- _The task_: Please give back the listing below word for word, without the images.

- _Recorded information_:
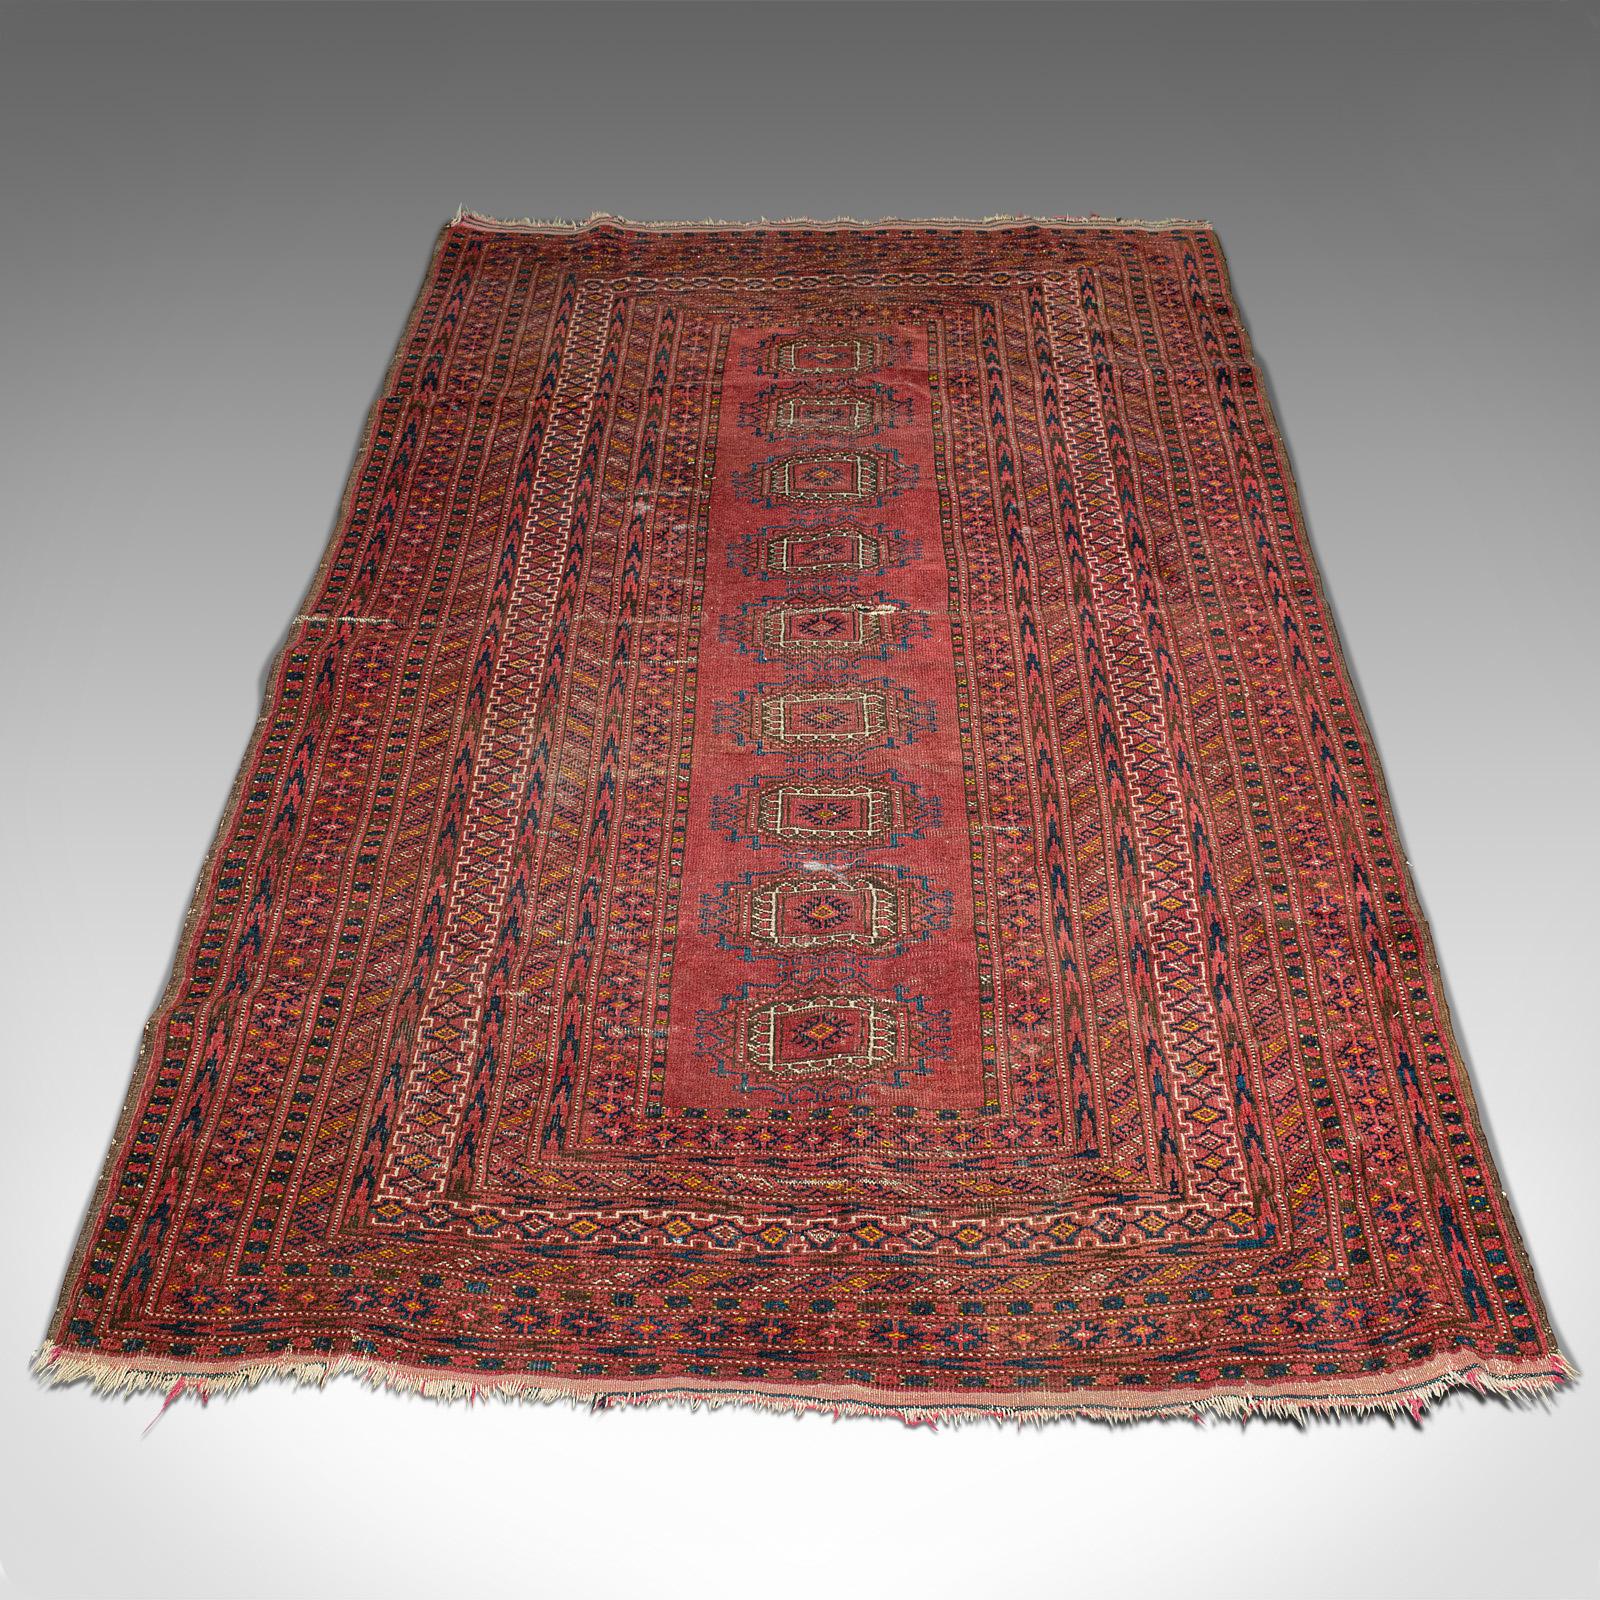 This is an antique Turkoman rug. A Middle Eastern, woven decorative carpet, dating to the early 20th century, circa 1920.

Endearing antique rug with pattern detail enthusiastic detail
Of dozar size at 120.5cm x 215cm (47.5

- _Exercise answer_:
 This is an antique Turkoman rug. A Middle Eastern, woven decorative carpet, dating to the early 20th century, circa 1920.

Endearing antique rug with pattern detail enthusiastic detail
Of dozar size at 120.5cm x 215cm (47.5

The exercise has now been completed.